# Torque Setting for Handlebar



## Tahoma (Feb 4, 2005)

Anyone happen to know or can point me in the right direction for finding the torque specifications for Syntace Stratos Bullhorn handlebars? I checked the Syntace website with no luck. Bought the bars online and no specs came with the bars :confused5: 

Any help would be appreciated.

Thanks.


----------



## C-40 (Feb 4, 2004)

*info..*

Torque setting should not be specific to your bars. Most stems have a suggested torque. A typical stem with four M5 bolts is usually rated for 5Nm.

I say this every time a thread like this is started. Learn what the small torque for these bolts feels like and learn to tighten them by hand with a short handled hex wrench or 4-5-6mm Y-style wrench. If you can't do that, you'll never be able to make on the road adjustments.


----------



## frdfandc (Nov 27, 2007)

+1 C-40

The stem is what has the torque values stated for it. As long as you have the correct size bars to fit your stem, then just follow the stems recommendations. 

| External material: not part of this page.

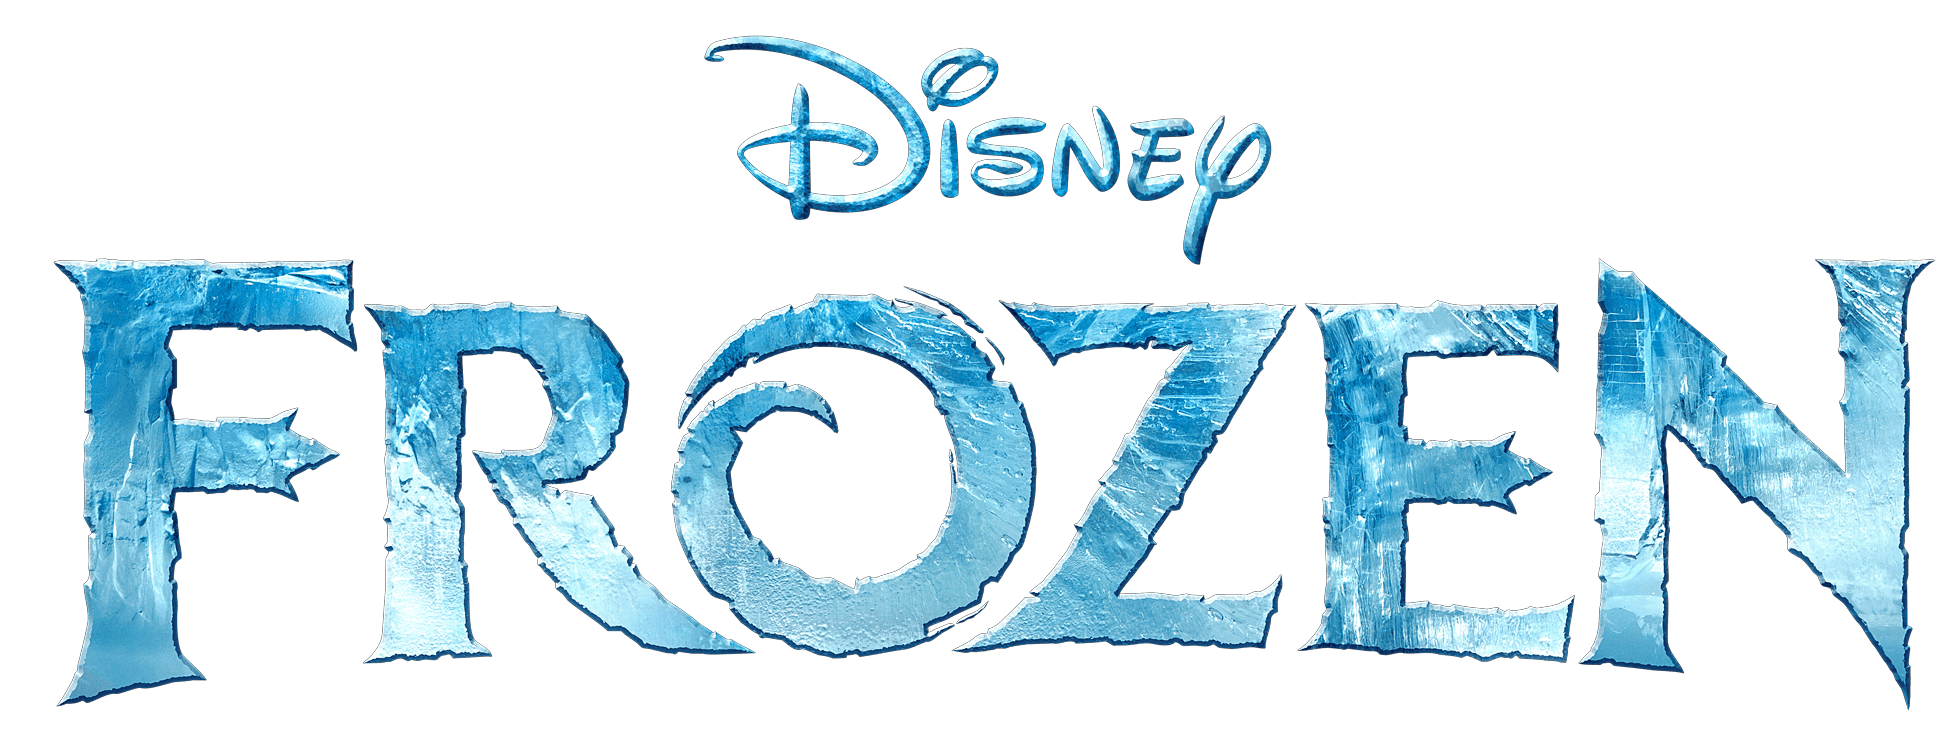 Disney-frozen-logoX7waSdzBRdbLF

I do all my stems by hand. After 13 years of working on cars, 1.5 years in the bike biz, you learn the feel of a fastener. Definitly helps with on the road/trail adjustments/fixes.


----------



## Tahoma (Feb 4, 2005)

Thank you C-40 and frdfandc. 

That's were I started first I emailed Soma Fab since I have their Soma Shotwell Stem and here is what they told me: "Refer to the torque specified by your handlebar. Enjoy the stem.

Best,

Soma"


So that's why I was trying to find the specs from Syntace. I think at this point I'll take your advice and just feel it and make sure it snug / tight enough not to slip.


----------



## cdhbrad (Feb 18, 2003)

It can be confusing. 5Nm isn't a lot of force, but you don't want to overtighten any of the bolts on your stem that secure either the faceplate or the stem on the steerer. When working on my bikes at home, I use a Ritchey Torqkey that is set to the 5Nm max torque recommended by Ritchey on its stems. It is basically a miniature single purpose torque wrench with a 4mm hex head that fits all the bolts on Ritchey and many other stems. 

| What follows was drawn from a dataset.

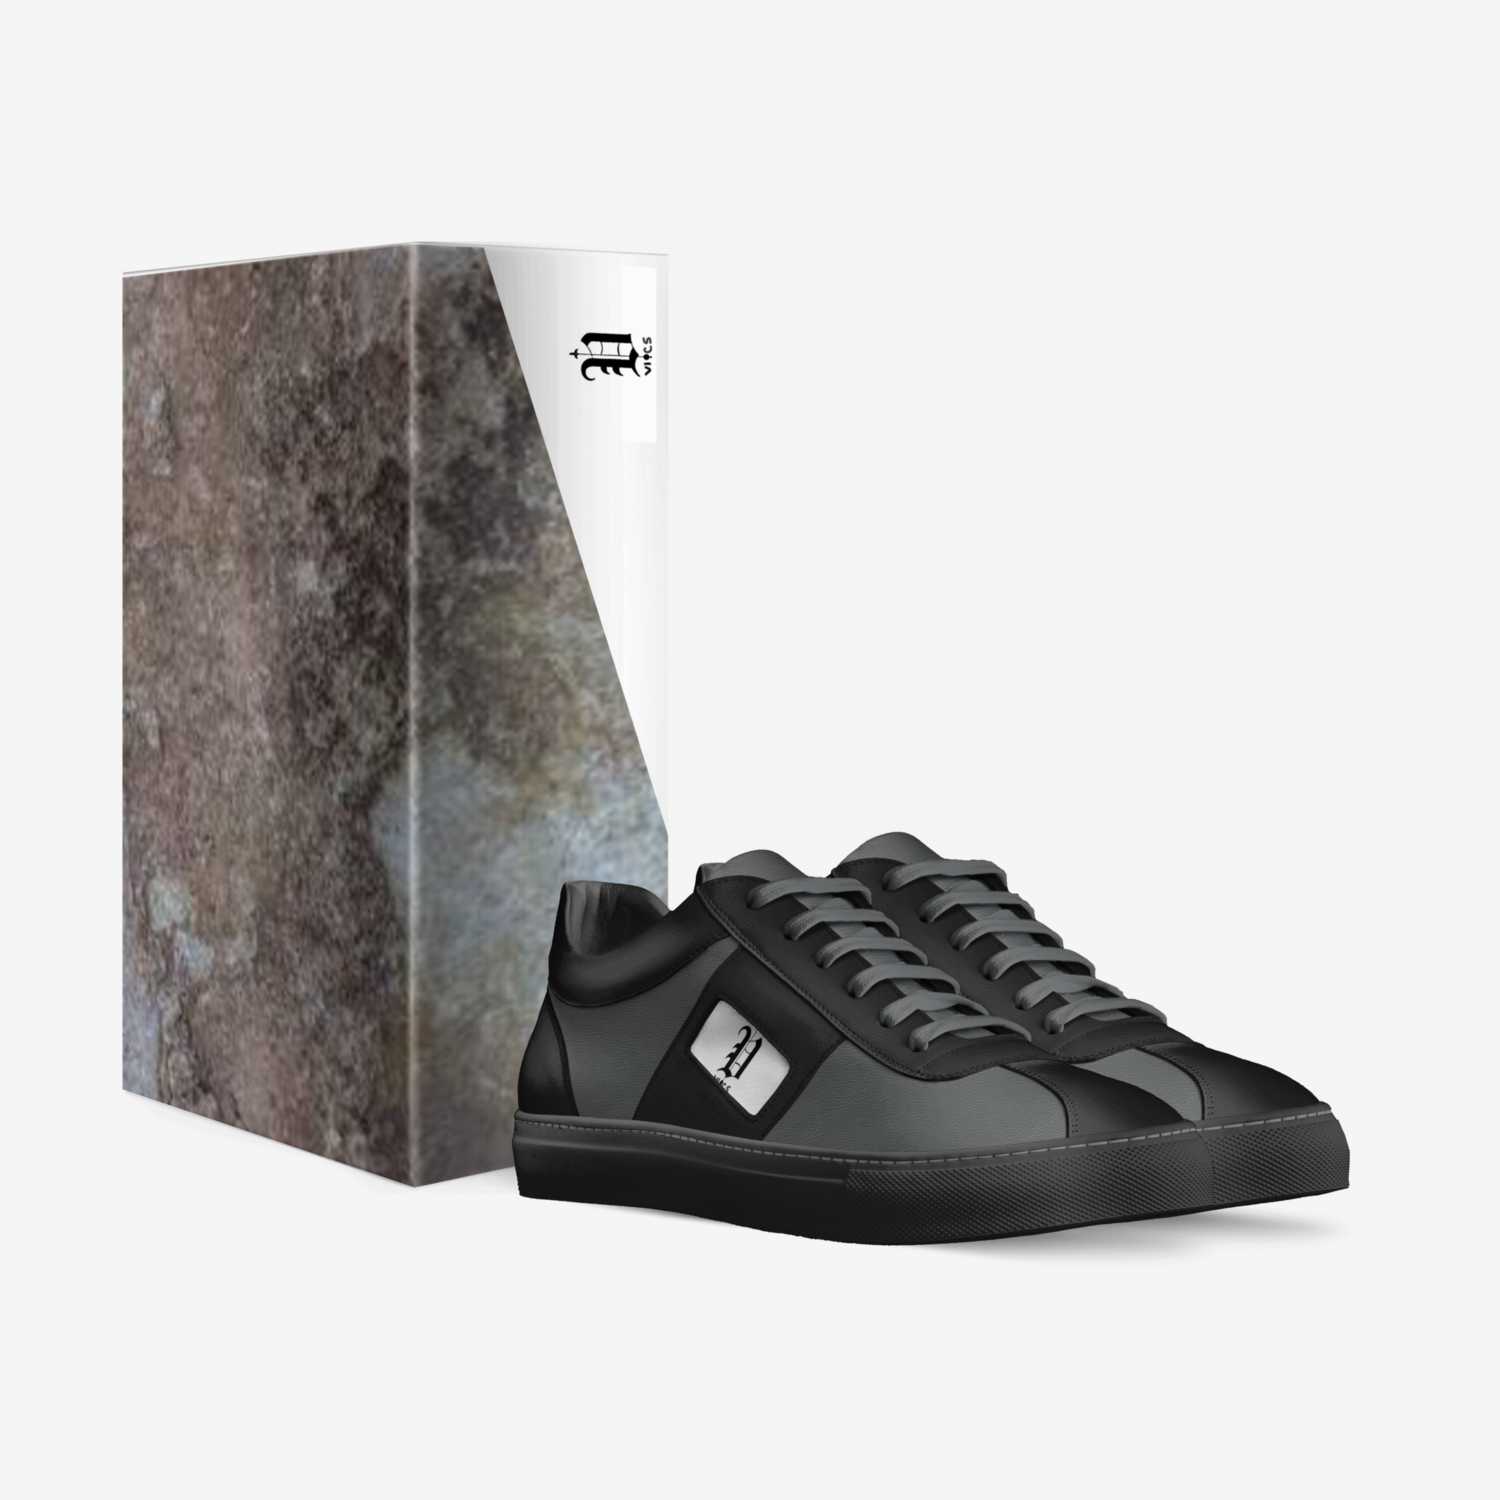 vics targa custom made in Italy shoes by Brayden Murphy | Box view

Yes, it costs about $20 and some will say that is too much to pay for a simple tool, but its pretty cheap insurance against crushing a $300 set of carbon bars or ruining a $100 stem. Pays for itself many times over if you save just one screwup. Using the Torqkey at home gives me a good feel for the torque to apply in the unlikely event I have to adjust any of those bolts while away from home.


----------



## tom_h (May 6, 2008)

In addition, I'd suggest that even when tightenining the stem's face cap with a torque wrench, 
-- tighten each bolt in small increments, and 
-- criss-cross the tightening sequence (ie, similar to a car's wheel lugnuts). 
-- be sure the gap between face plate & stem, is uniform all around.

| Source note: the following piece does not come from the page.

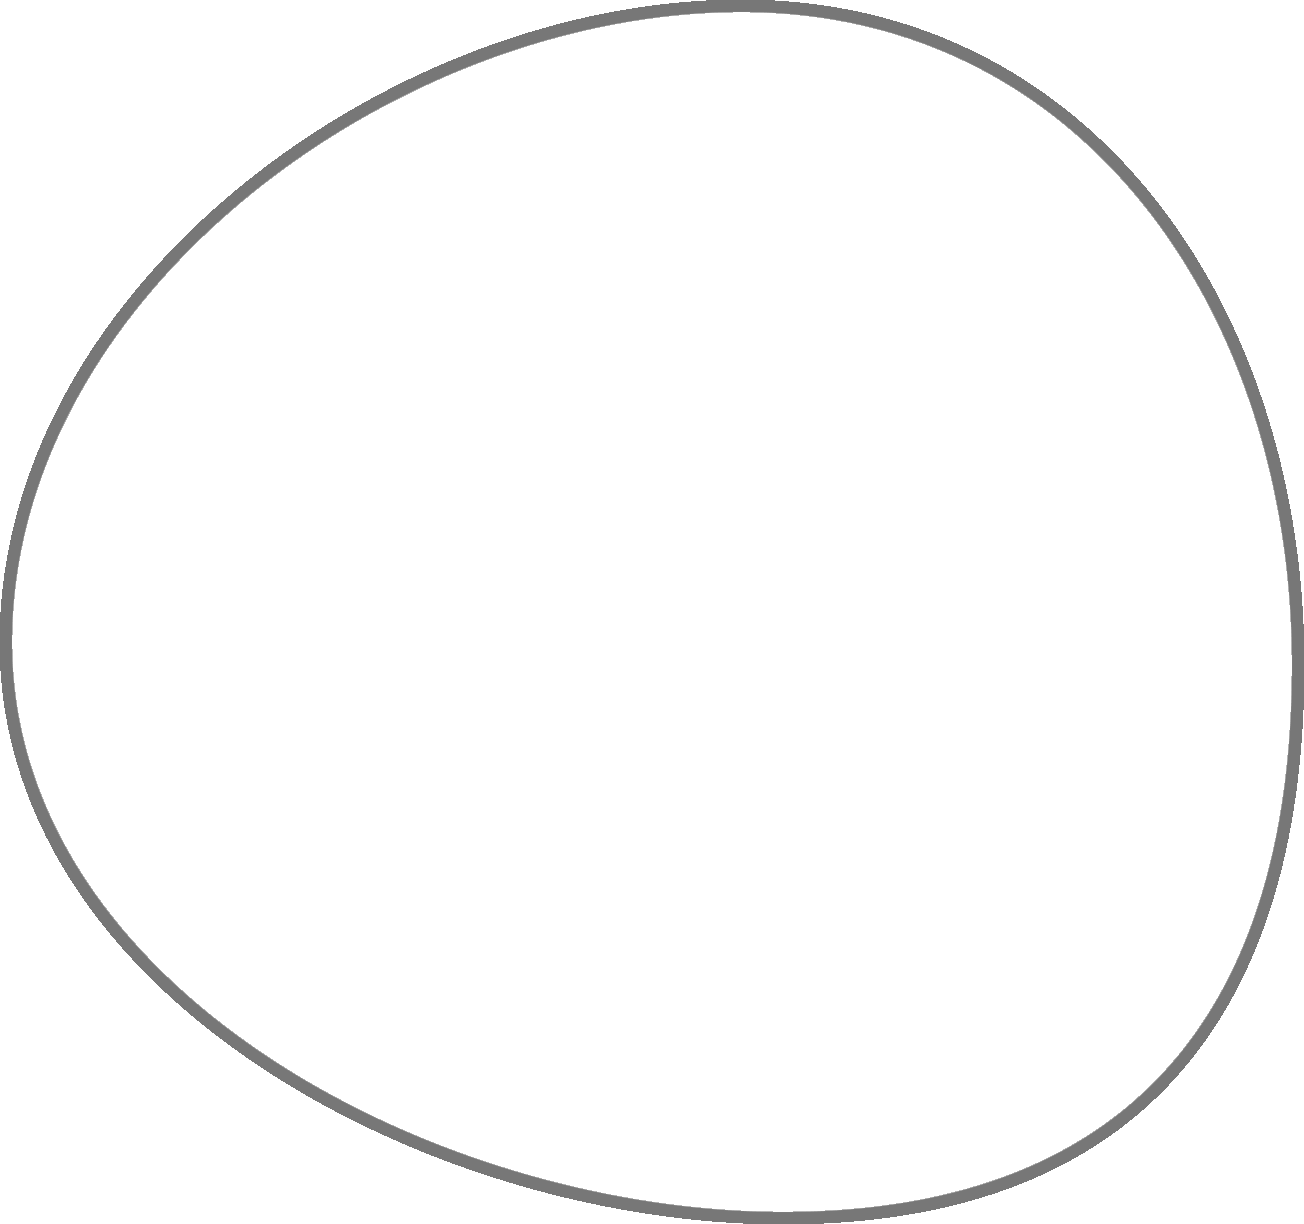 ellipse image

The above is probably more important with carbon-fiber handlebars 

Also apply "carbon assembly paste" at the contact surfaces between stem and carbon bars.


----------



## Tahoma (Feb 4, 2005)

Thank you cdhbrad and tom_h. You provided some very good information. My handlebars and stem are not carbon, but 3-D forged 6061 aluminum (4 bolt). I'll still set the stem as you recommended though with my torque wrench and tightening in a criss-cross patern and doing so in small increments.


----------



## RC28 (May 9, 2002)

tom_h said:


> In addition, I'd suggest that even when tightenining the stem's face cap with a torque wrench,
> -- tighten each bolt in small increments, and
> -- criss-cross the tightening sequence (ie, similar to a car's wheel lugnuts).
> -- be sure the gap between face plate & stem, is uniform all around.
> ...


+1 to all these suggestions


----------